Quote every line of the data below as it stands, omitting pictures.

*** SOURCE DATA ***

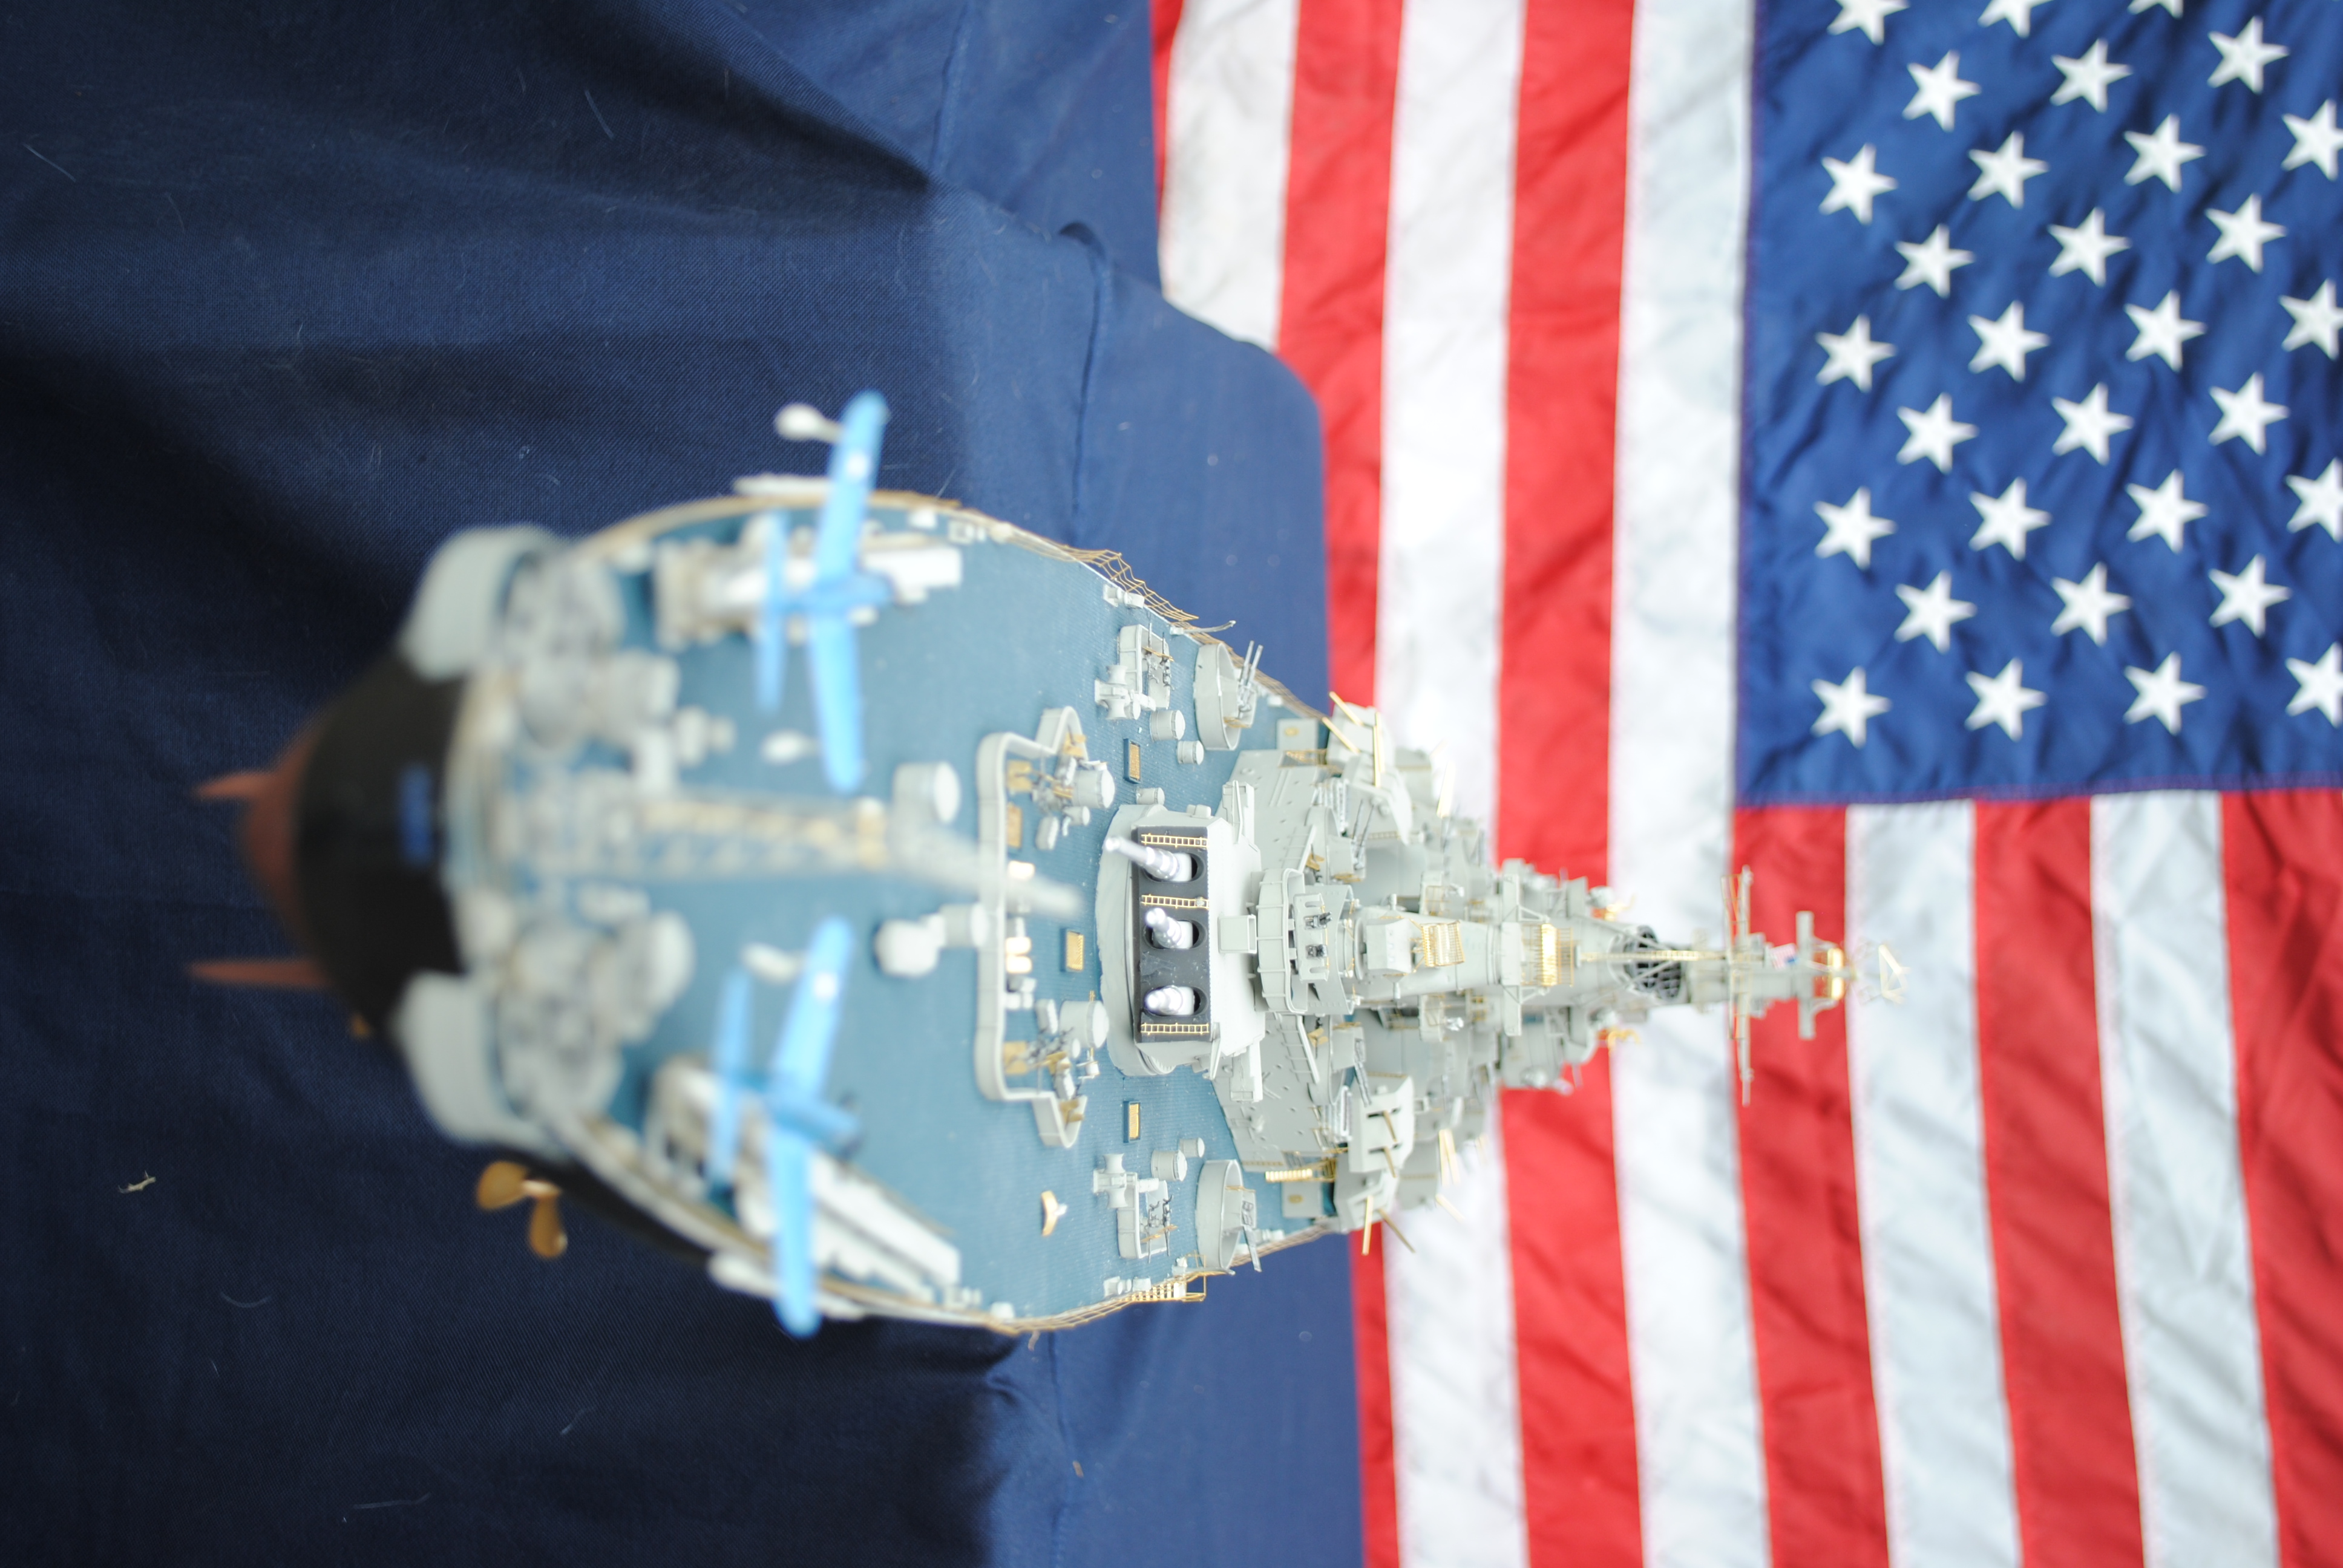 Trumpeter 03706 USS Iowa BB-61 'construit pour l'affichage'
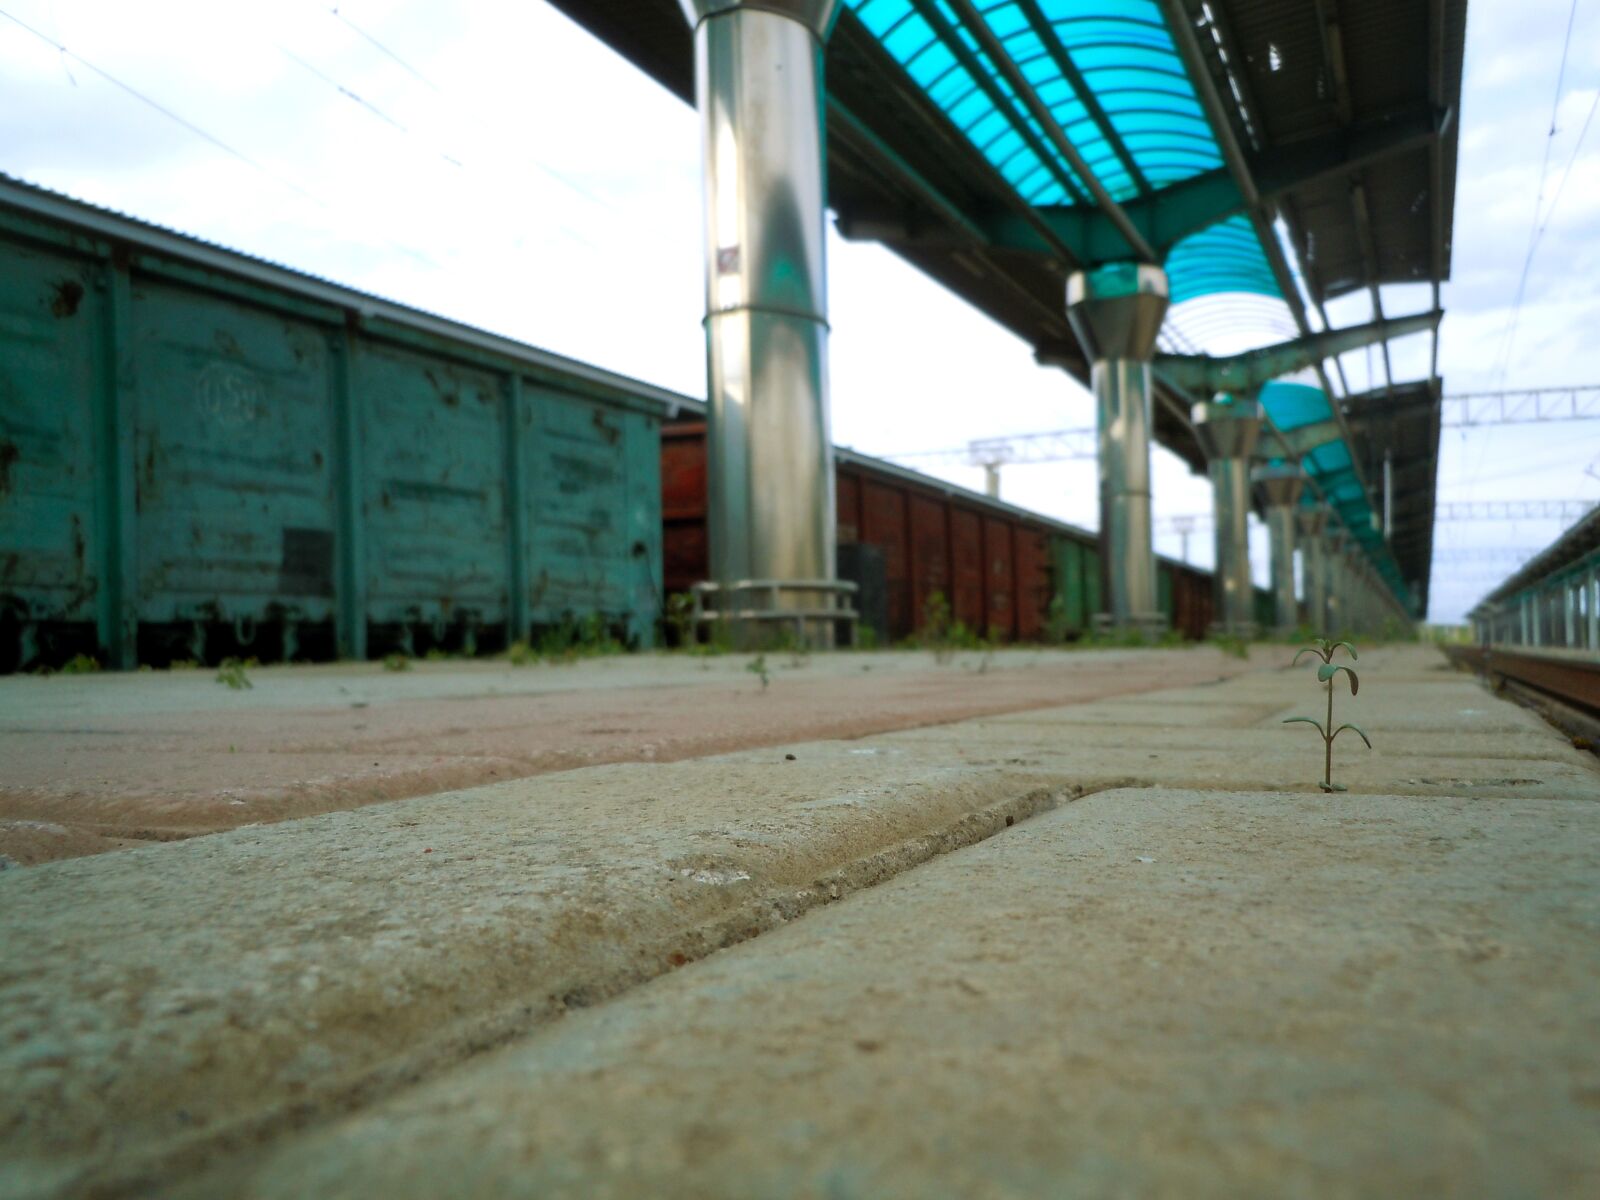 Nikon Coolpix S6000 sample photo. станция, поезд, заброшенный photography
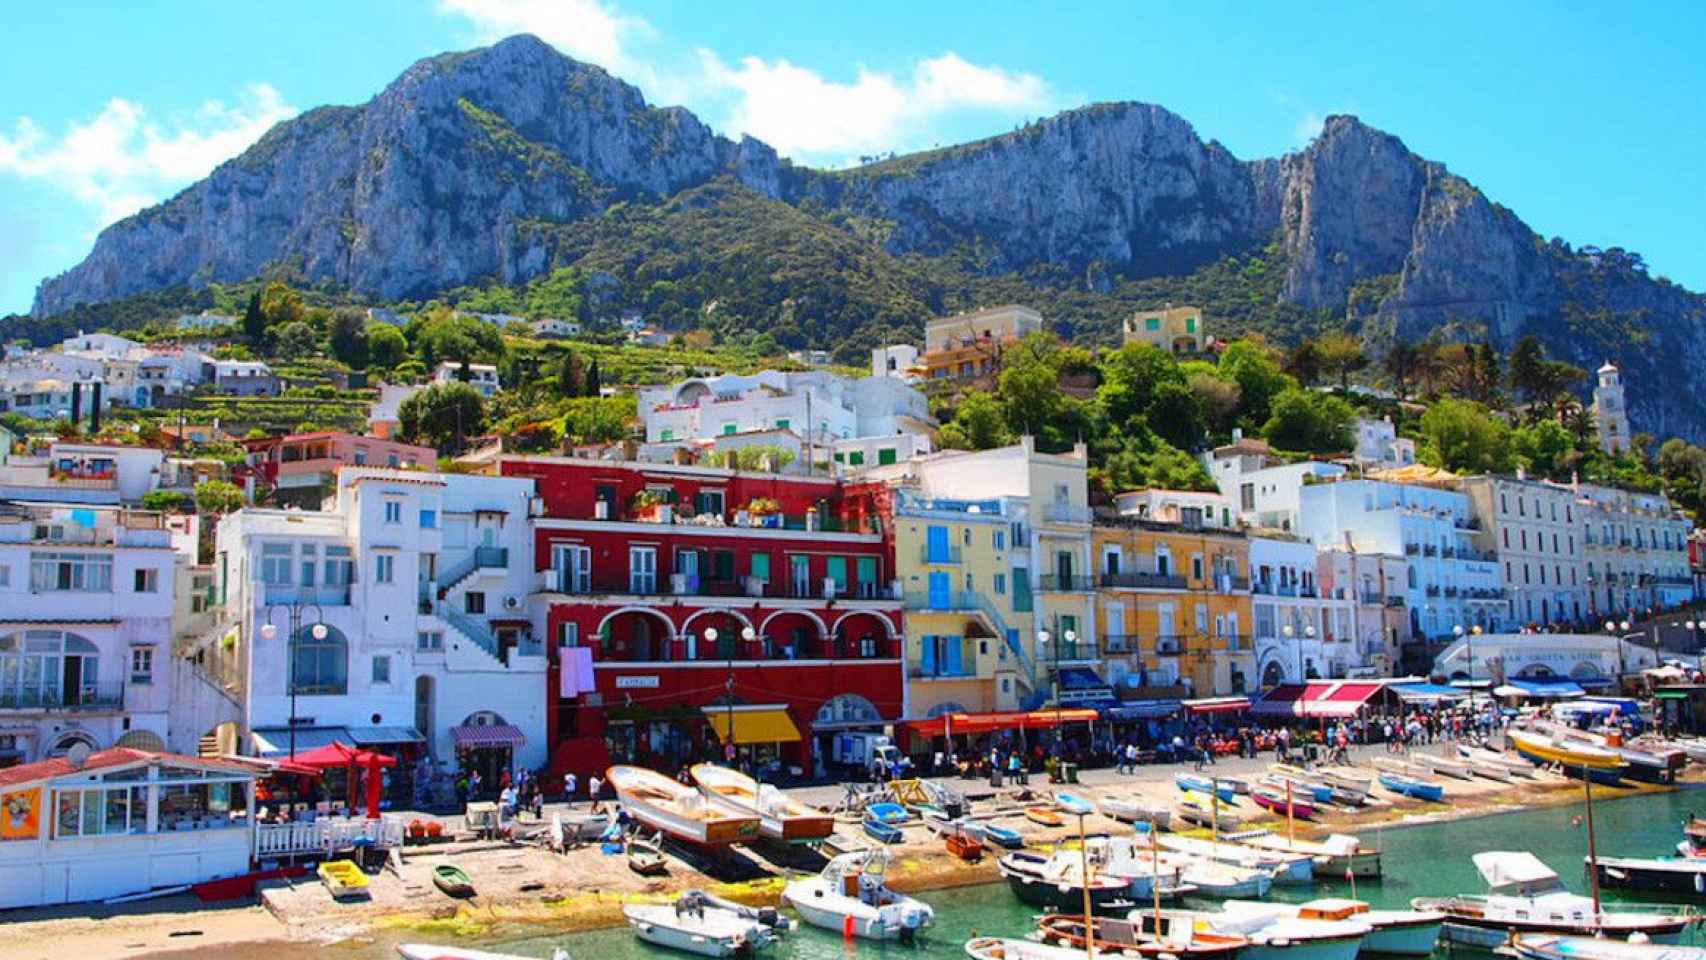 Imagen del puerto de Capri, Italia / GETYOURGUIDE

*** End of SOURCE DATA ***

WRITTEN ANSWER:
 Trumpeter 03706 USS Iowa BB-61 'construit pour l'affichage'
 Nikon Coolpix S6000 sample photo. станция, поезд, заброшенный photography
 Imagen del puerto de Capri, Italia / GETYOURGUIDE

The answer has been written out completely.